Every line of the material is to be returned verbatim. Pictures stay out.

__Data segment__
/---

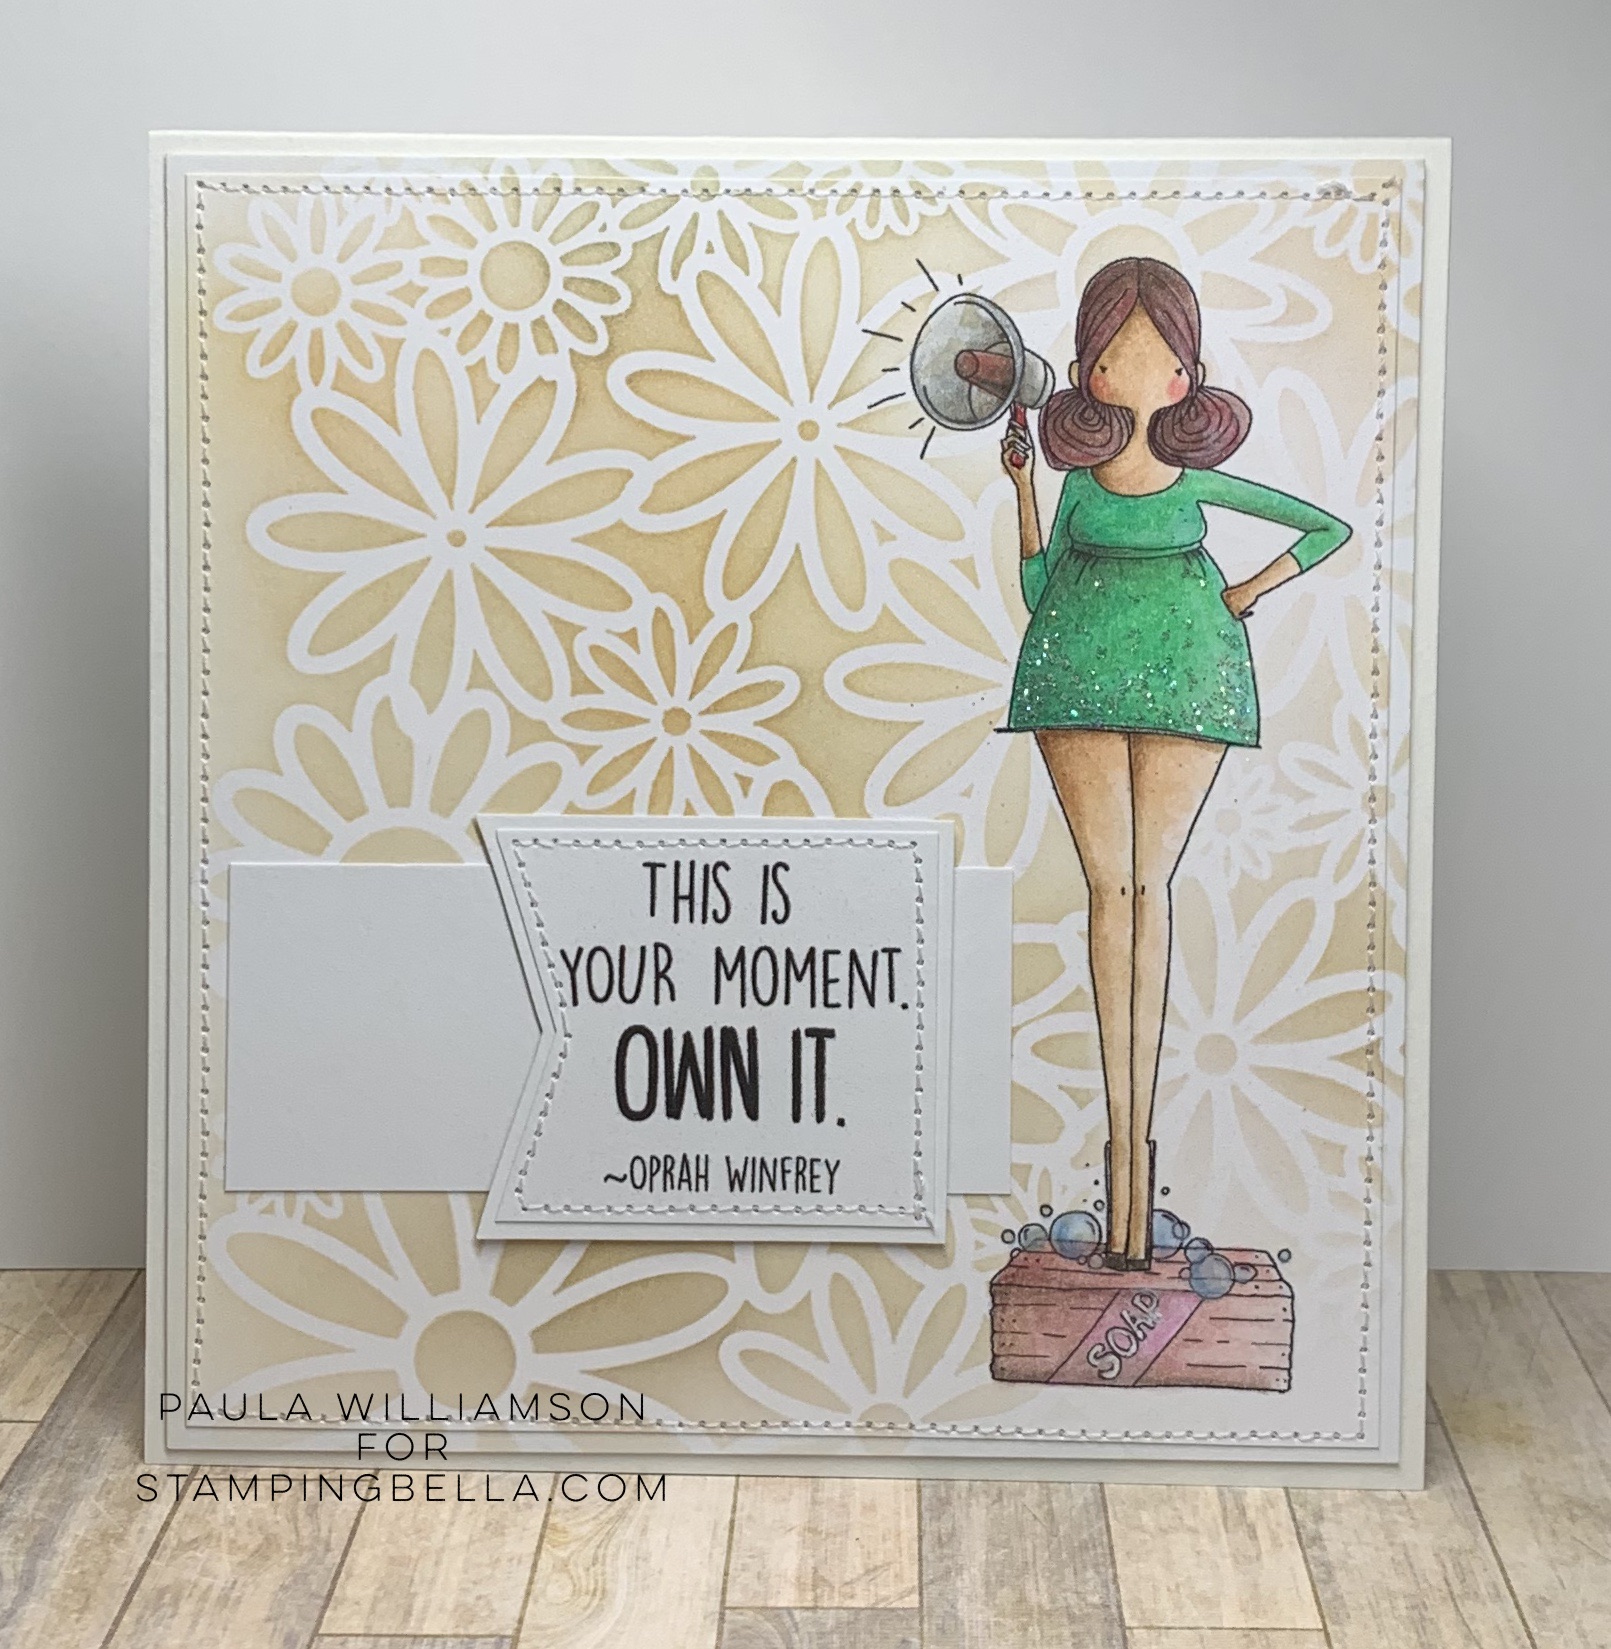 www.stampingbella.com: rubber stamp used: CURVY GIRL WITH A MESSAGE. Card by Paula Williamson
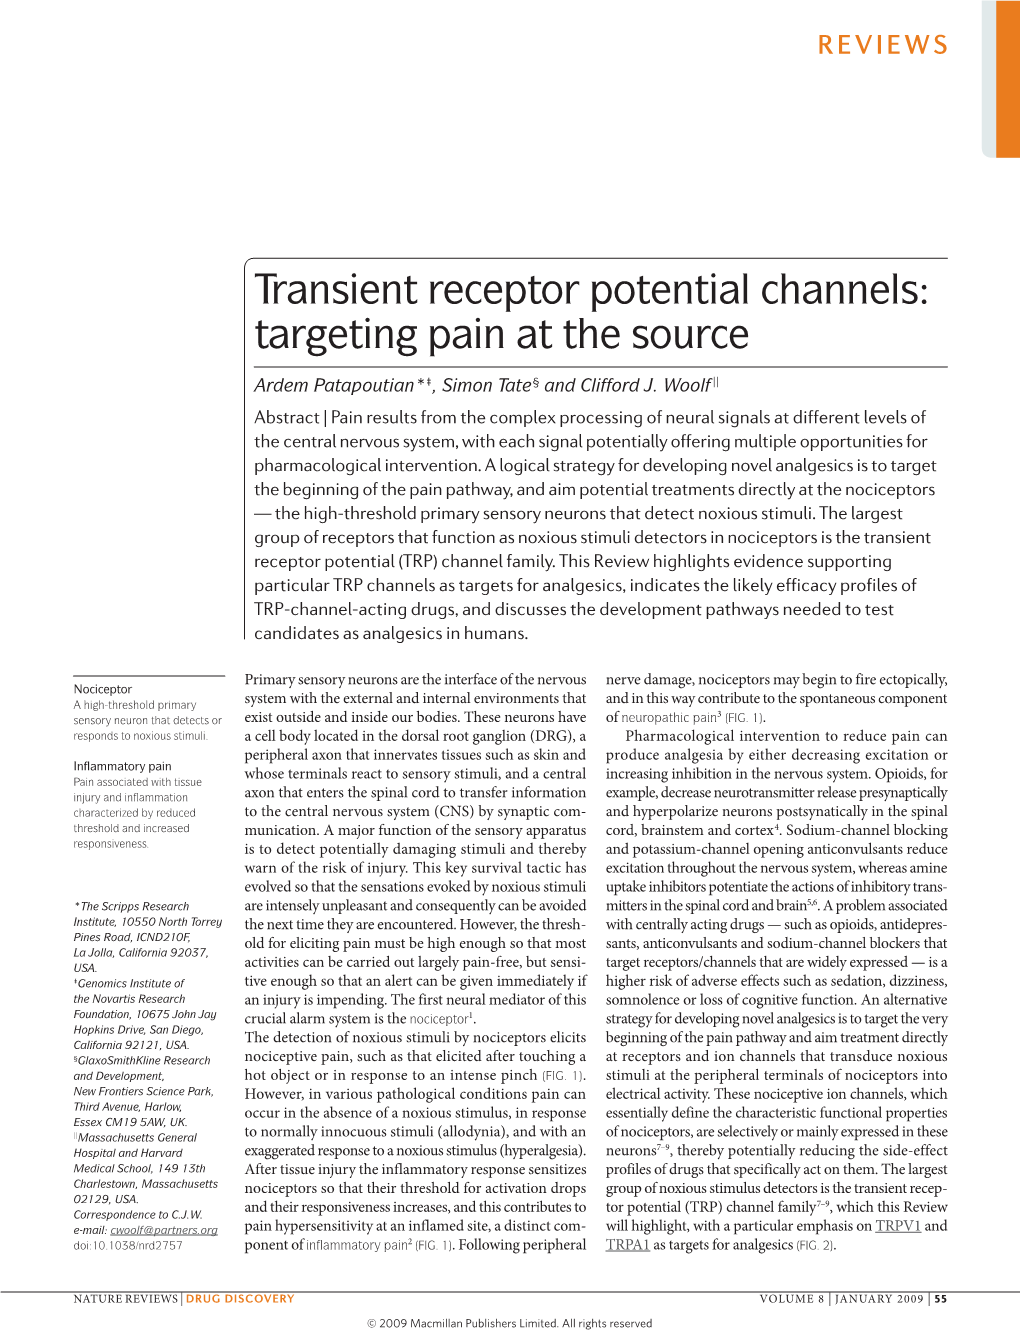 Transient Receptor Potential Channels: Targeting Pain at the Source
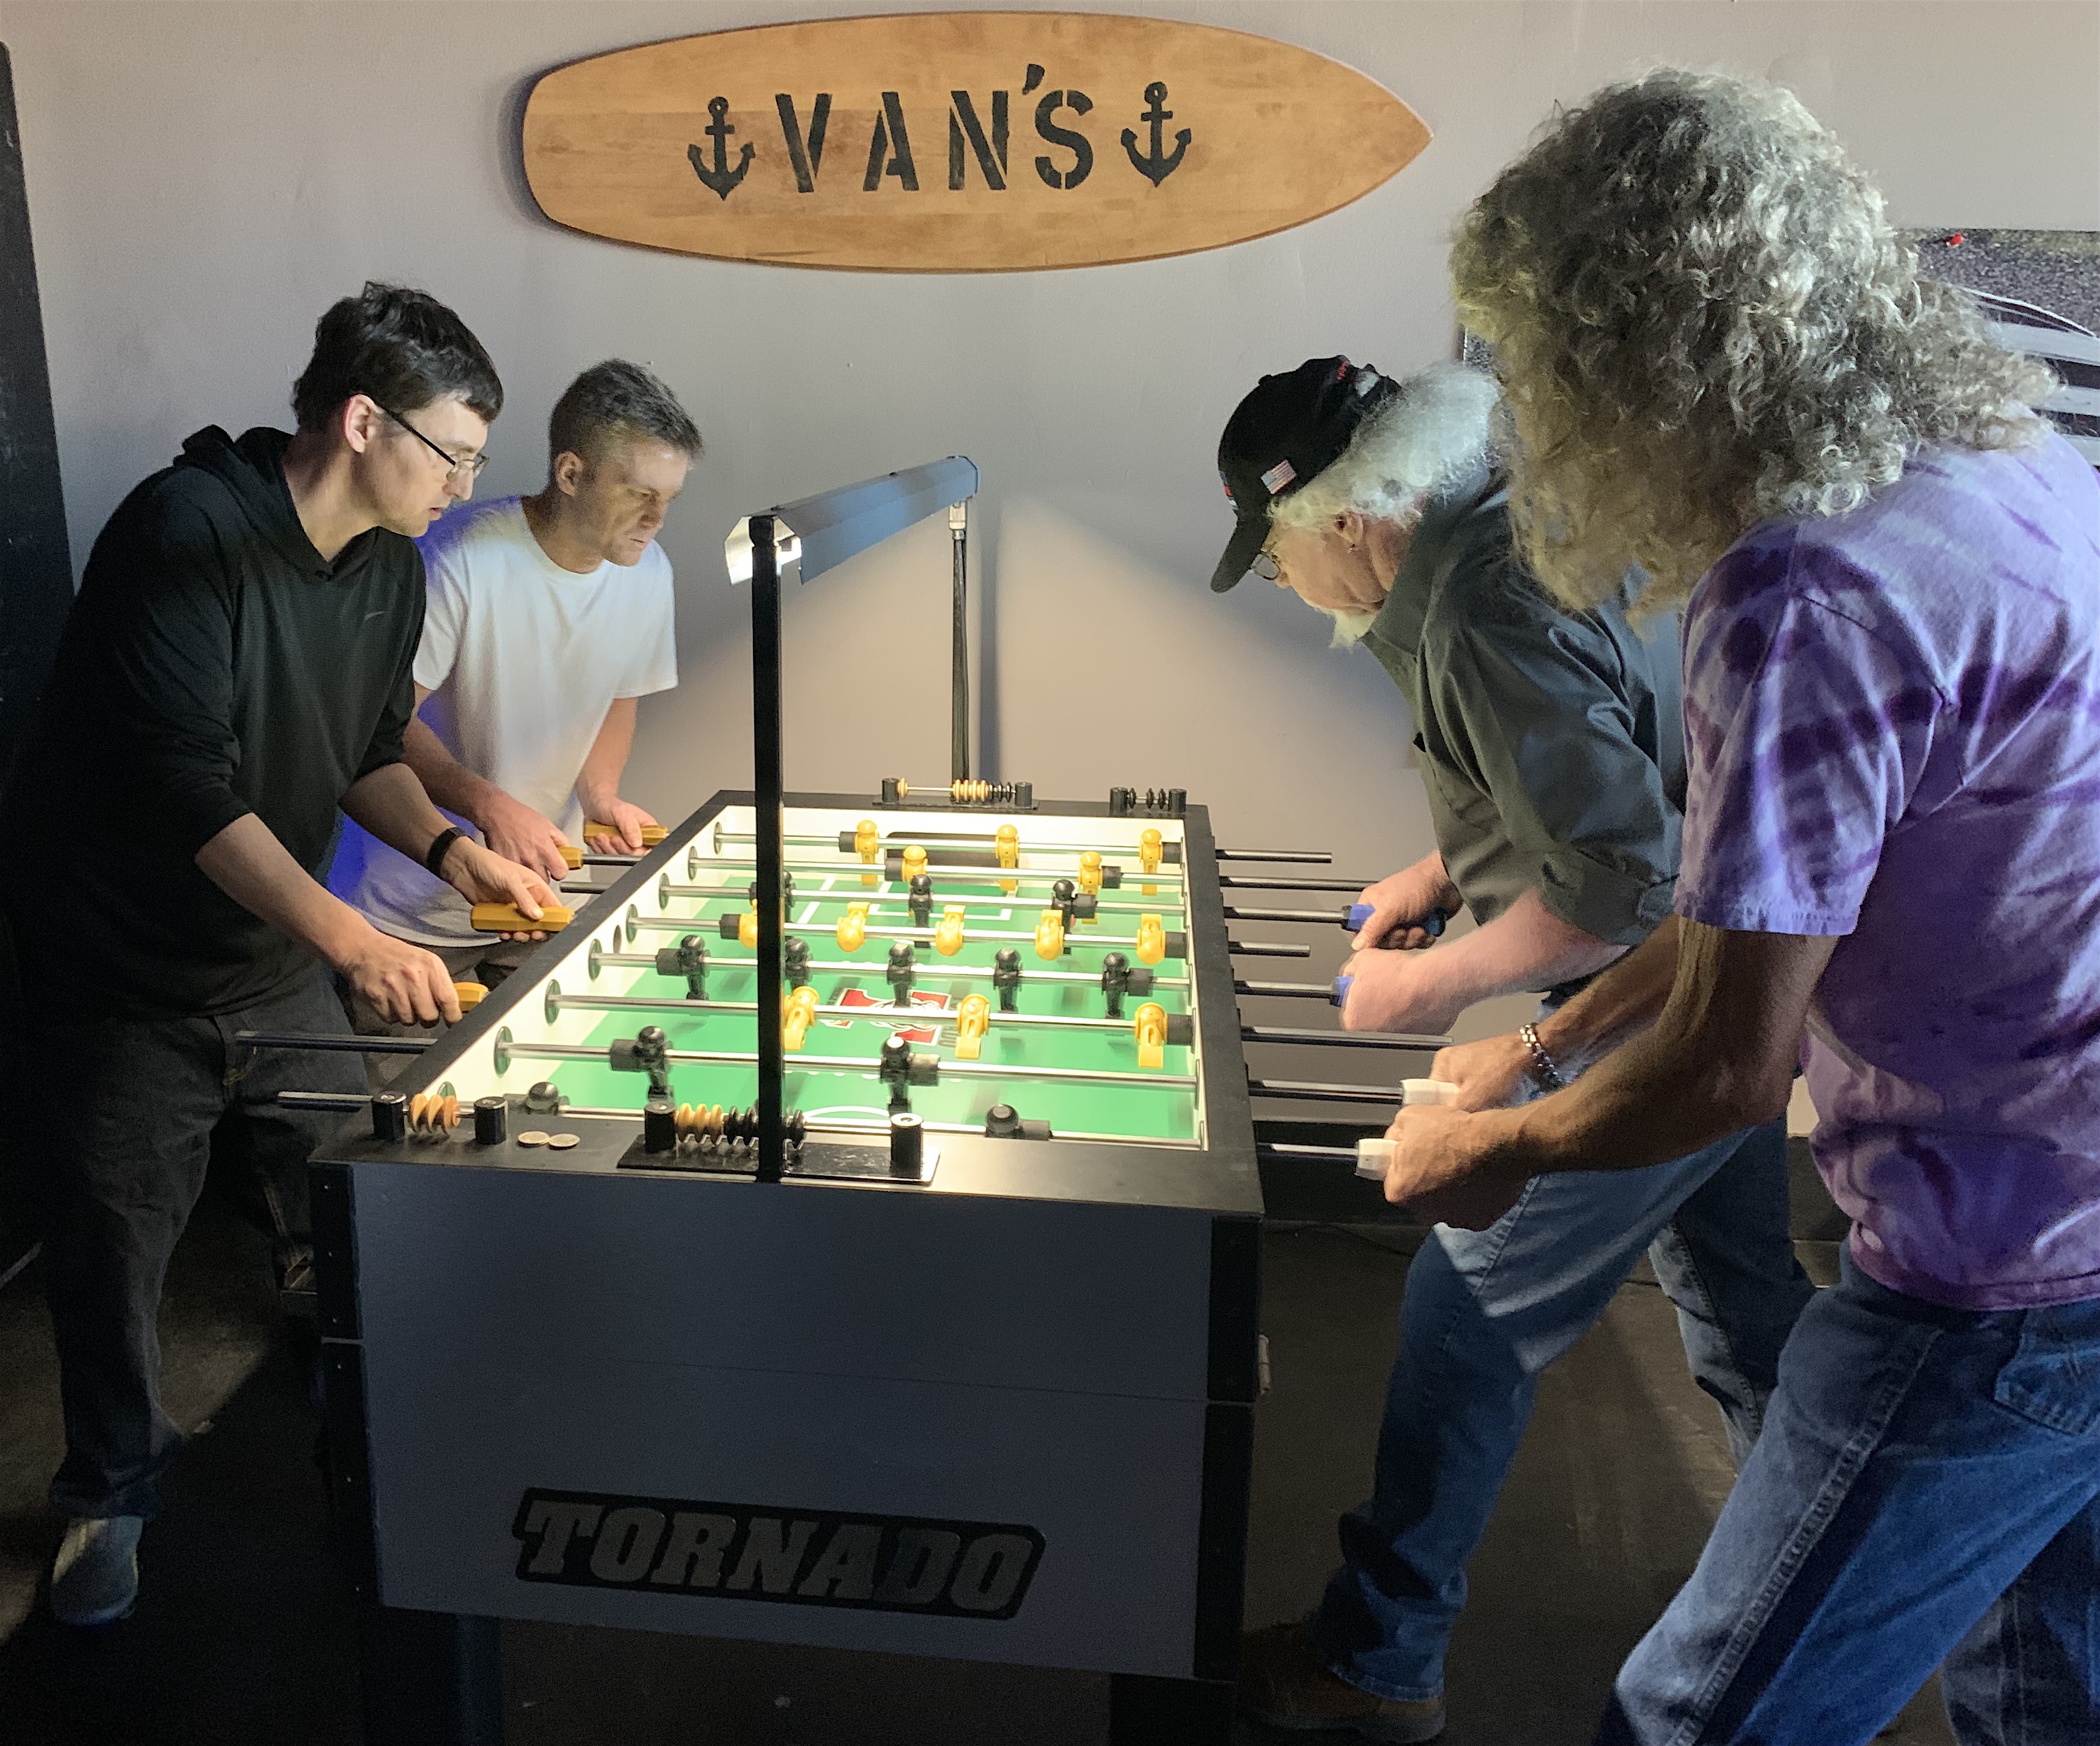 Shown is Ala-Amateur Foosball tournament action at Vans Bar in Leeds, players competing for the title are David Marler & Josh Monroe vs. Paul Gulledge & Andy Gulledge.
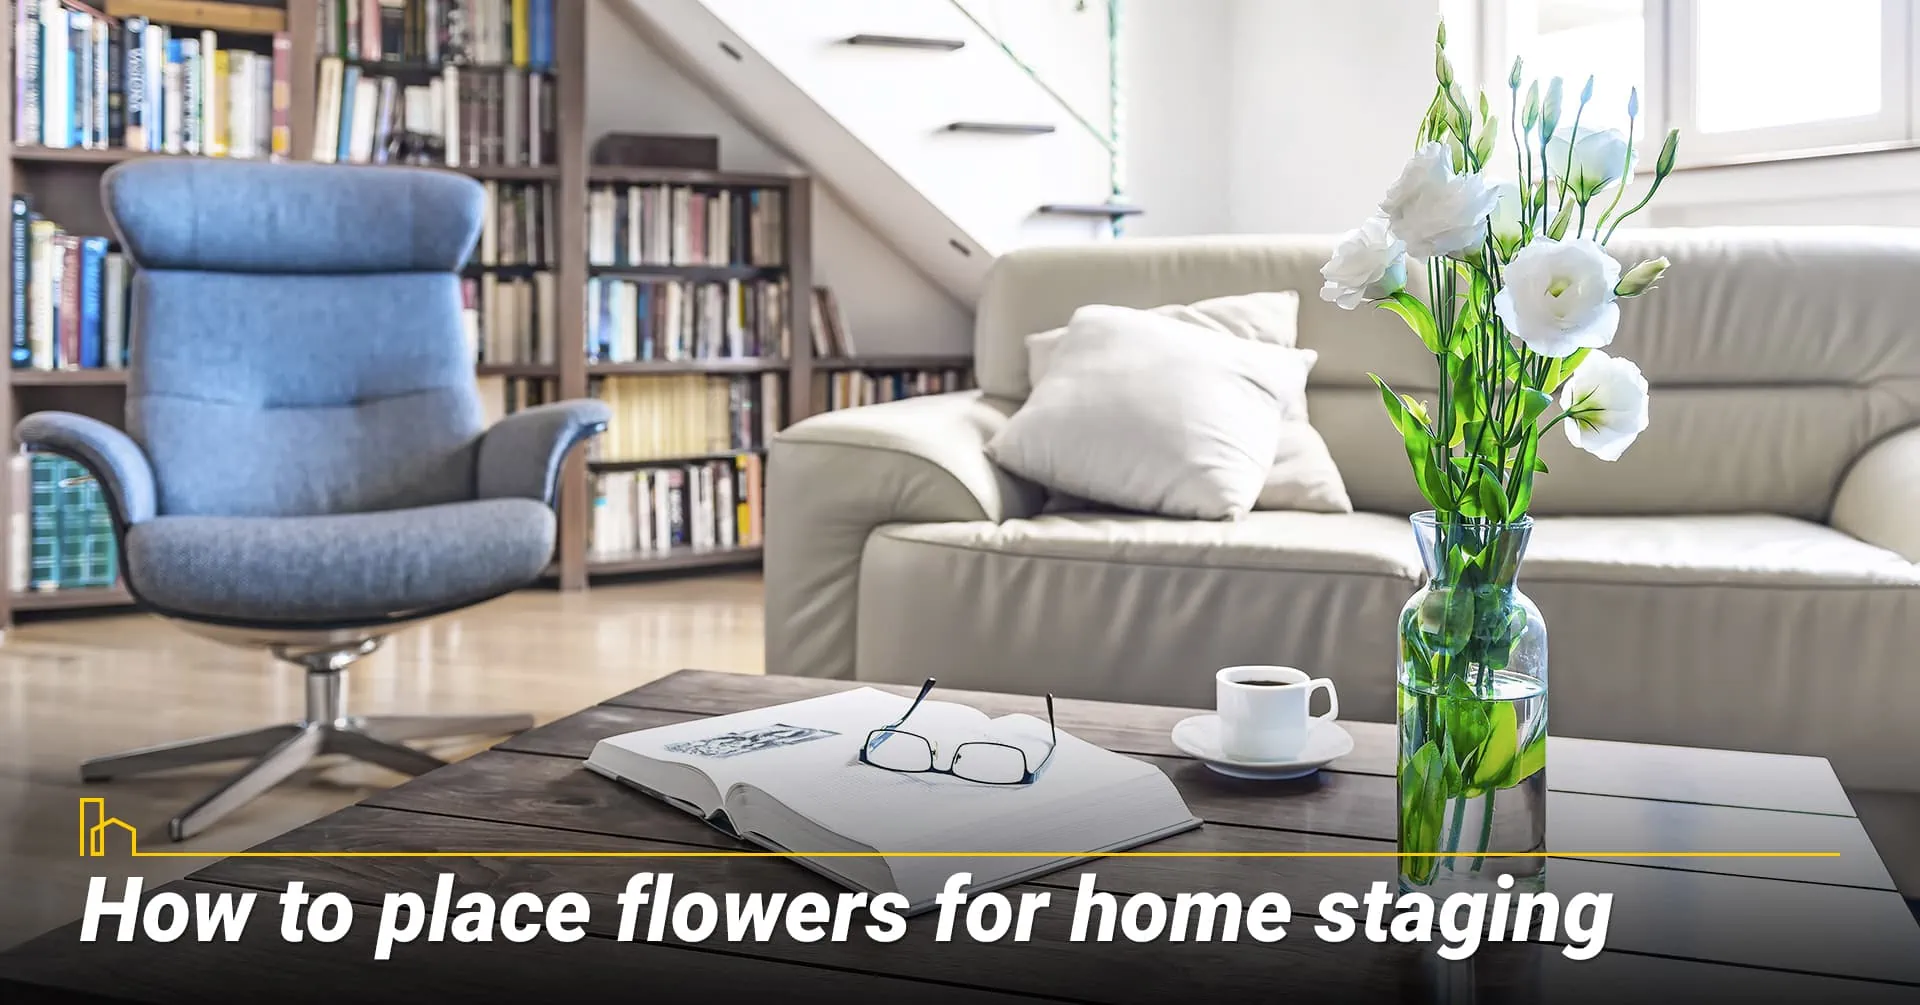 4. How to place flowers for home staging

\---

__Solution for this task__
 www.stampingbella.com: rubber stamp used: CURVY GIRL WITH A MESSAGE. Card by Paula Williamson
 Transient Receptor Potential Channels: Targeting Pain at the Source
 Shown is Ala-Amateur Foosball tournament action at Vans Bar in Leeds, players competing for the title are David Marler & Josh Monroe vs. Paul Gulledge & Andy Gulledge.
 4. How to place flowers for home staging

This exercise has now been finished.